'''
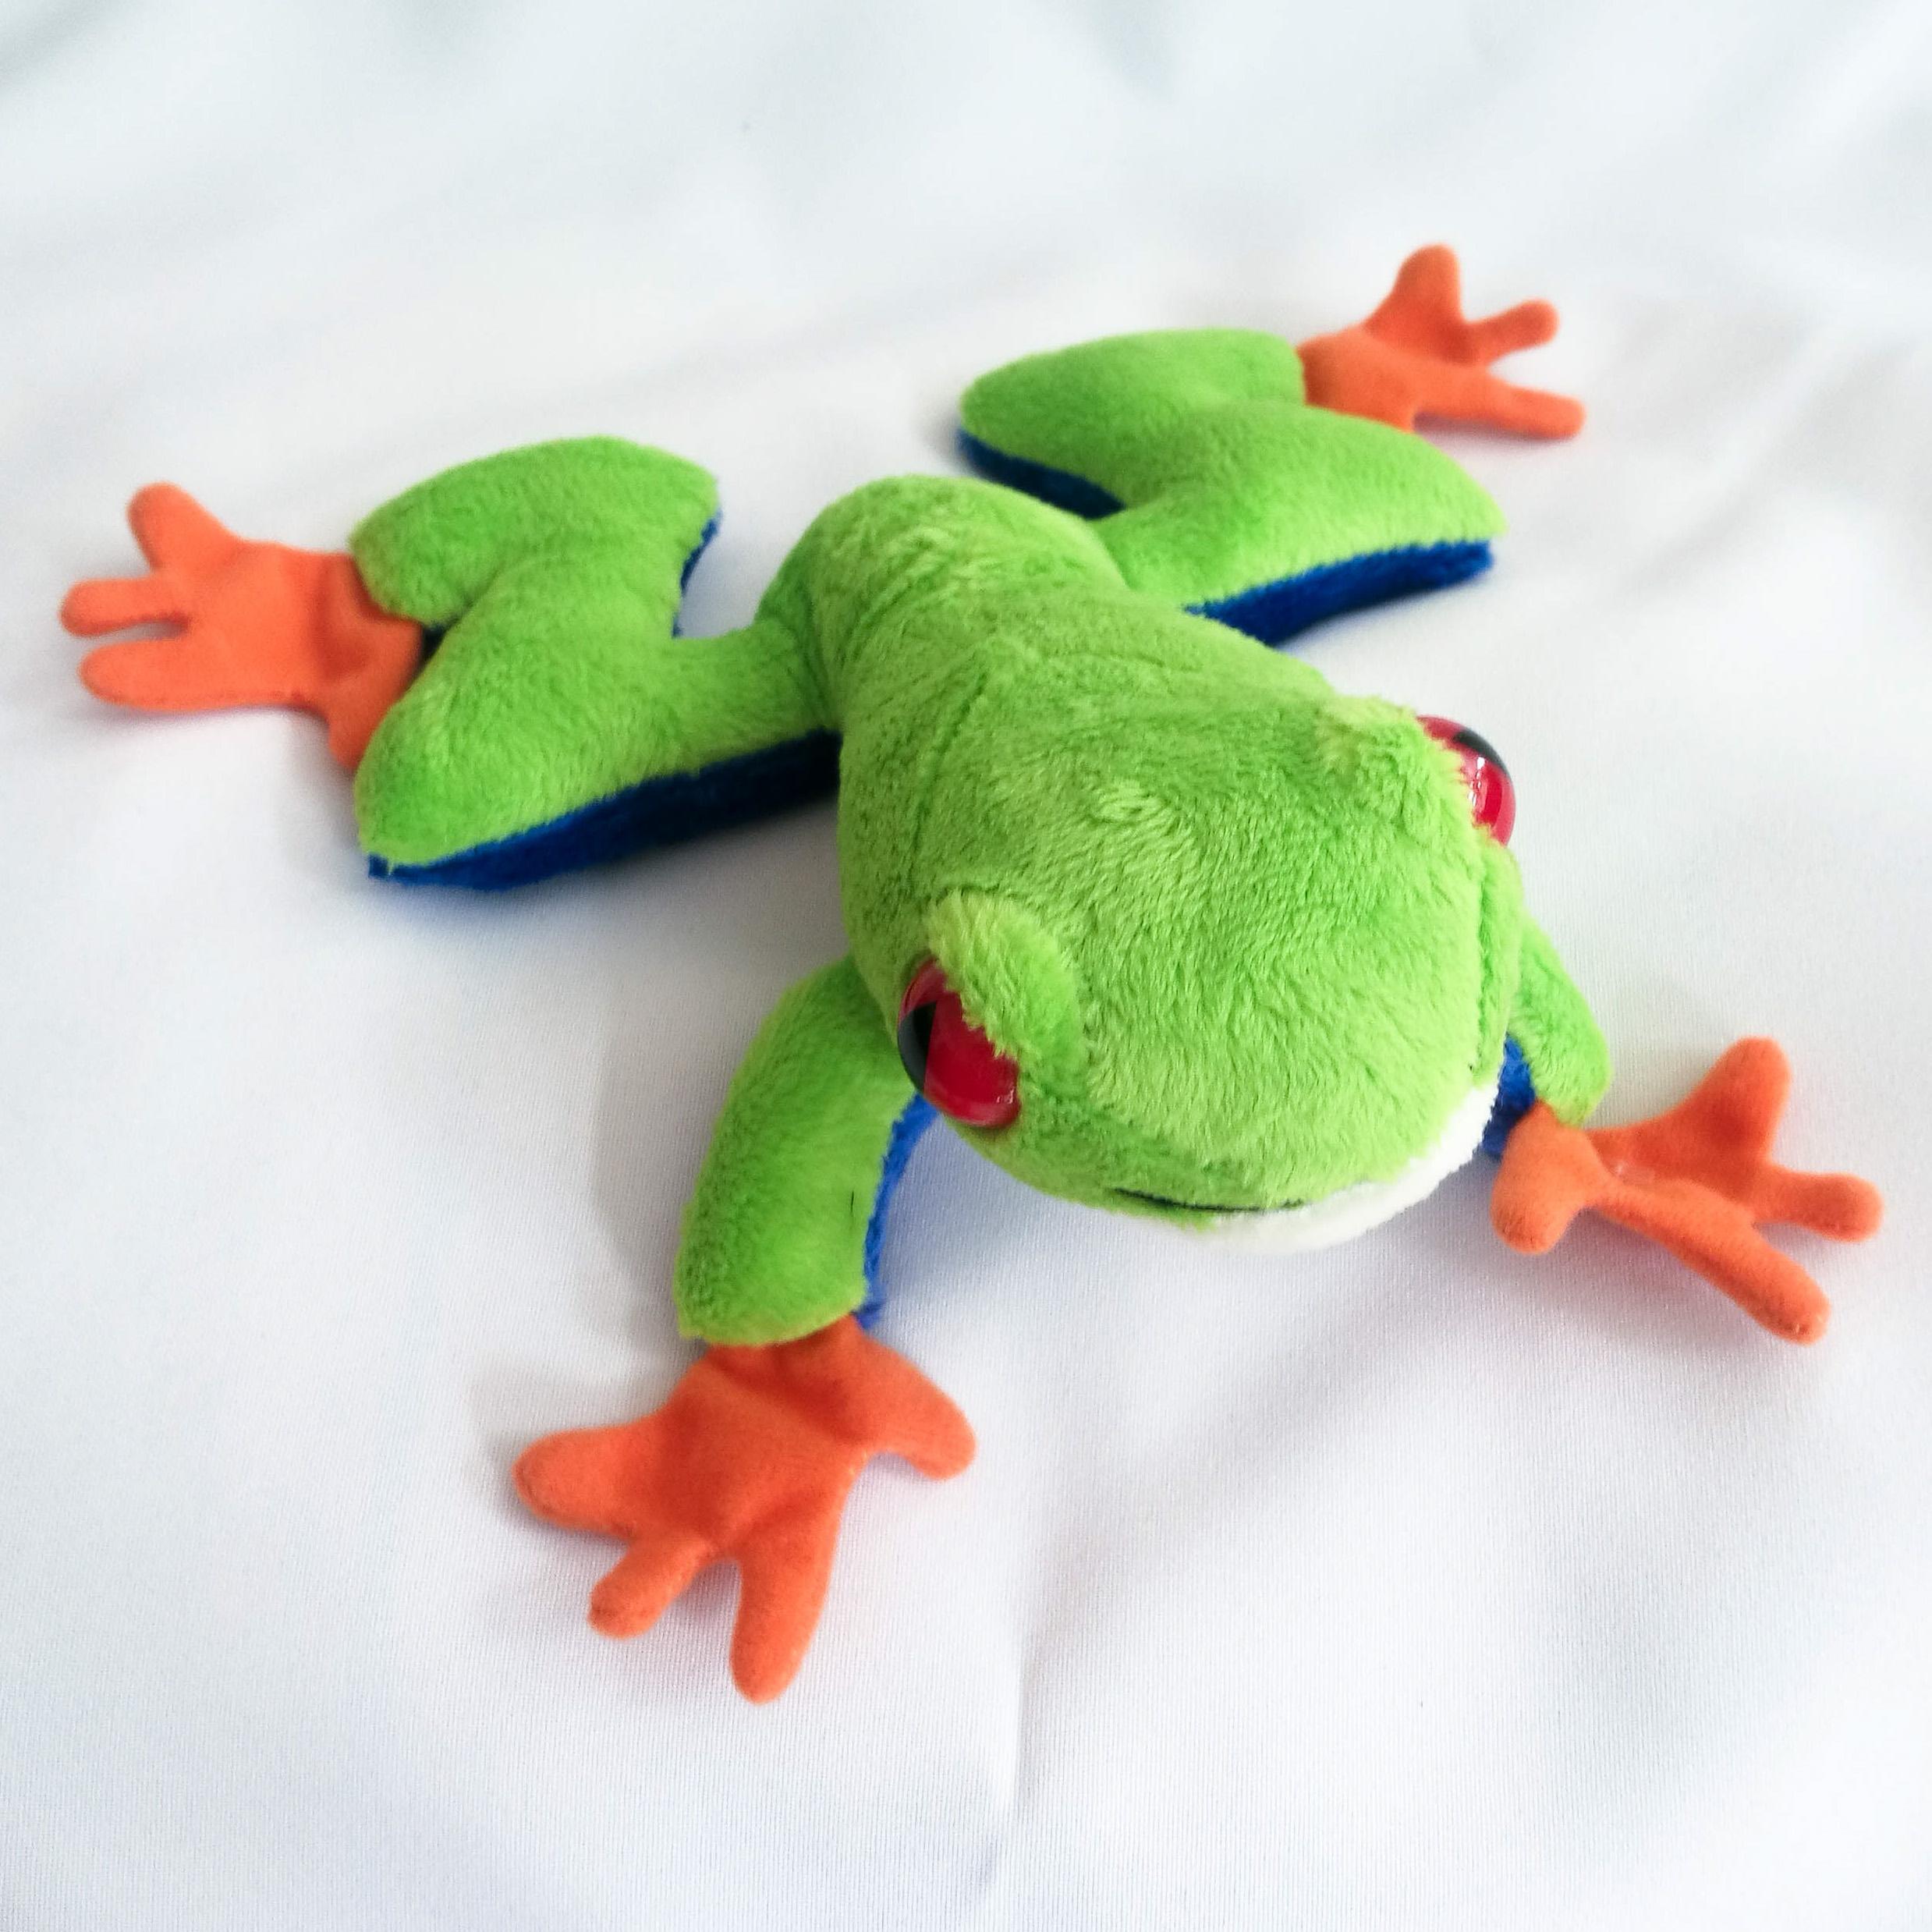 Plüschtier Frosch
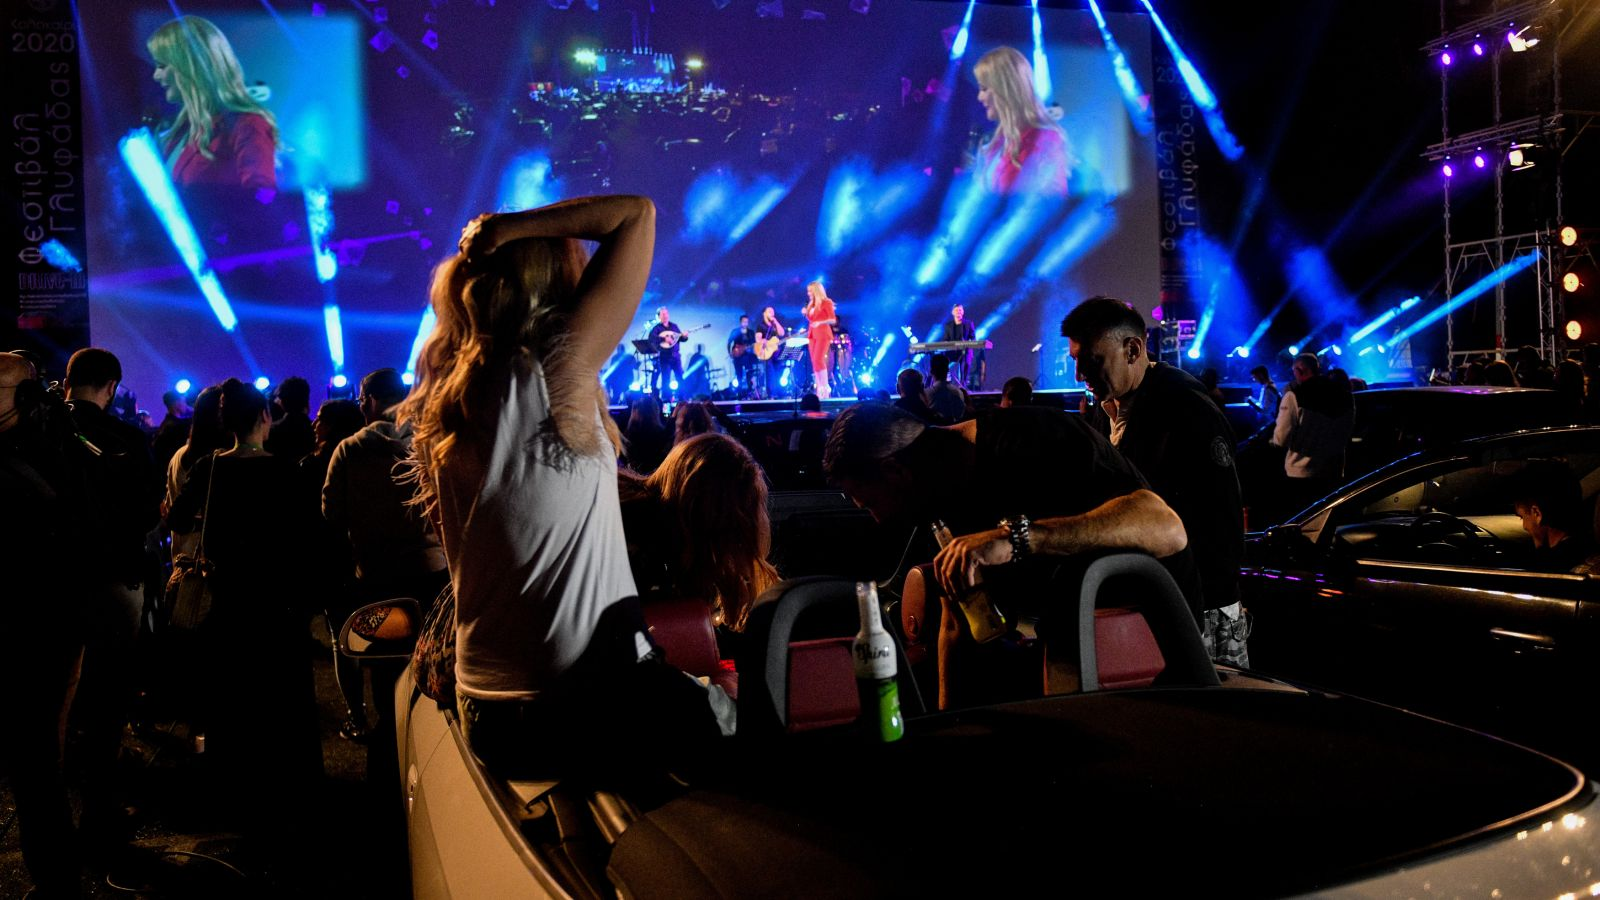 Guardian Θεοδωρίδου: Θέμα η πρώτη drive in συναυλία – Είναι αυτός ο τρόπος που θα γίνονται από εδώ και πέρα [vid & pics]
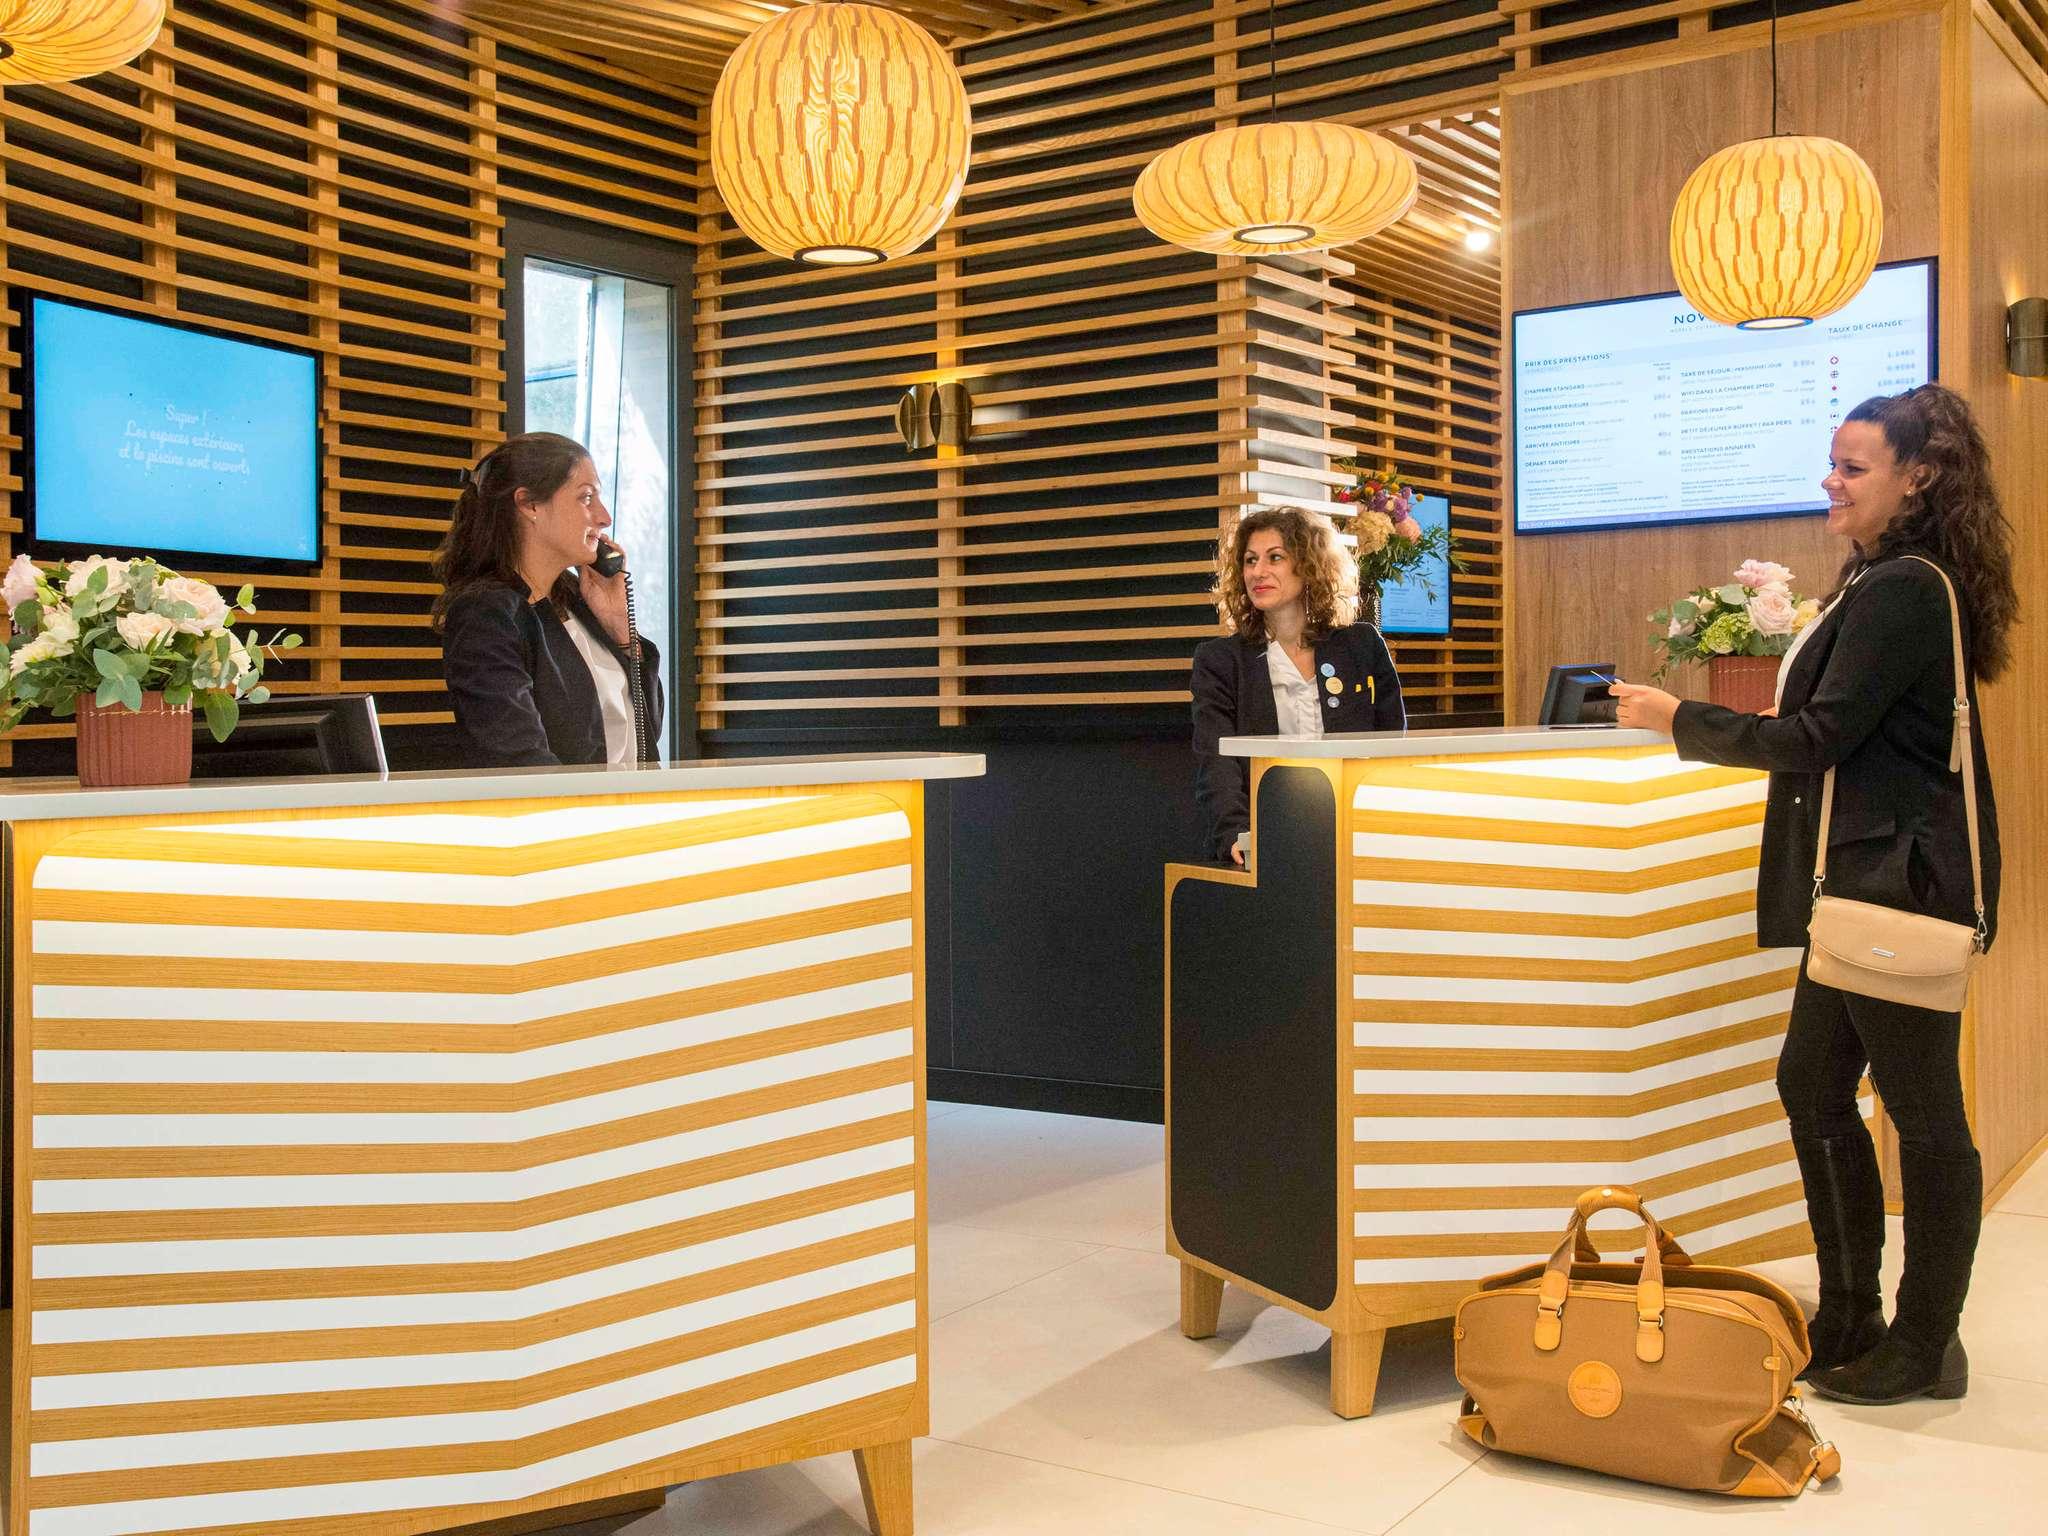 Hotel - Novotel Nice Arénas Airport
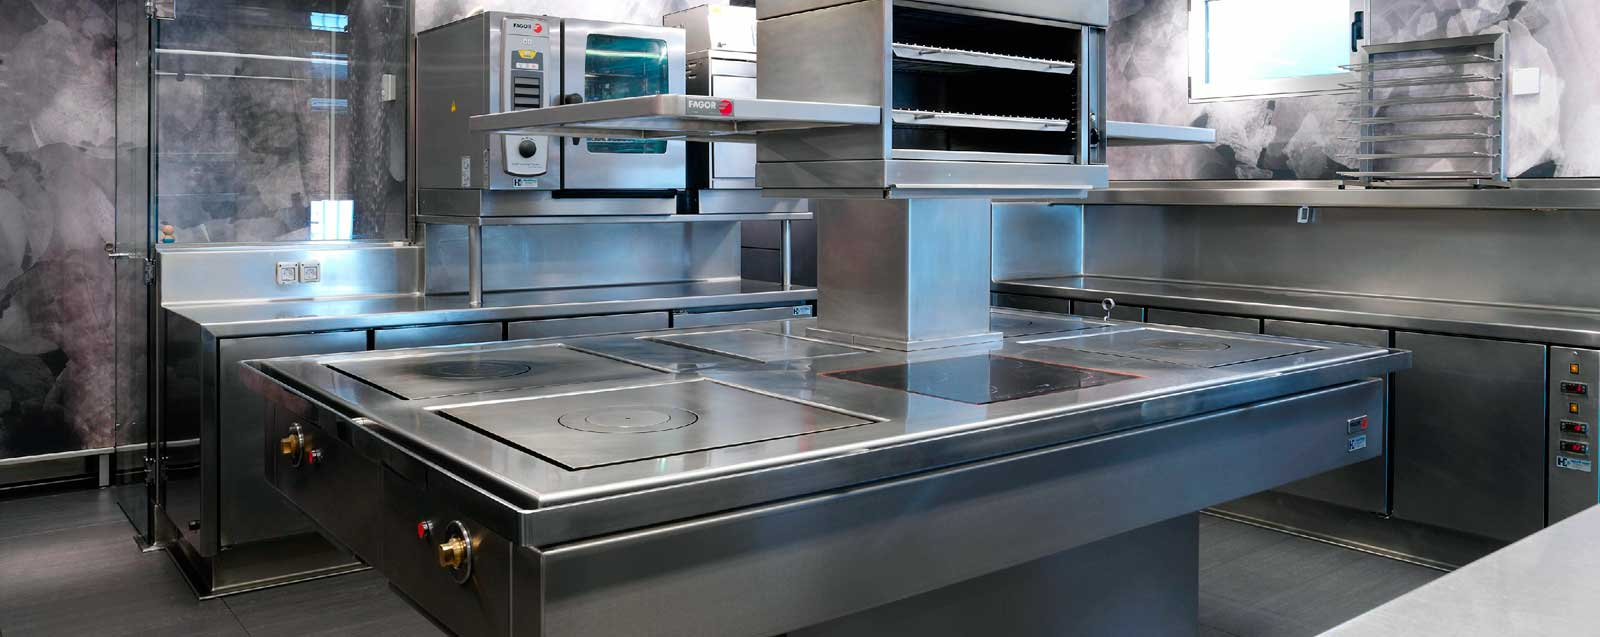 Muy dulces maquinaria de cocina de segunda mano for Buscar cocinas de segunda mano
'''
▶ **Exercise instructions**:
Emit the lines of the data above from the one containing "Hotel - Novotel Nice Arénas Airport" through its final line, both endpoints included. Pictures do not belong in the output.

▶ **Response area**:
 Hotel - Novotel Nice Arénas Airport
 Muy dulces maquinaria de cocina de segunda mano for Buscar cocinas de segunda mano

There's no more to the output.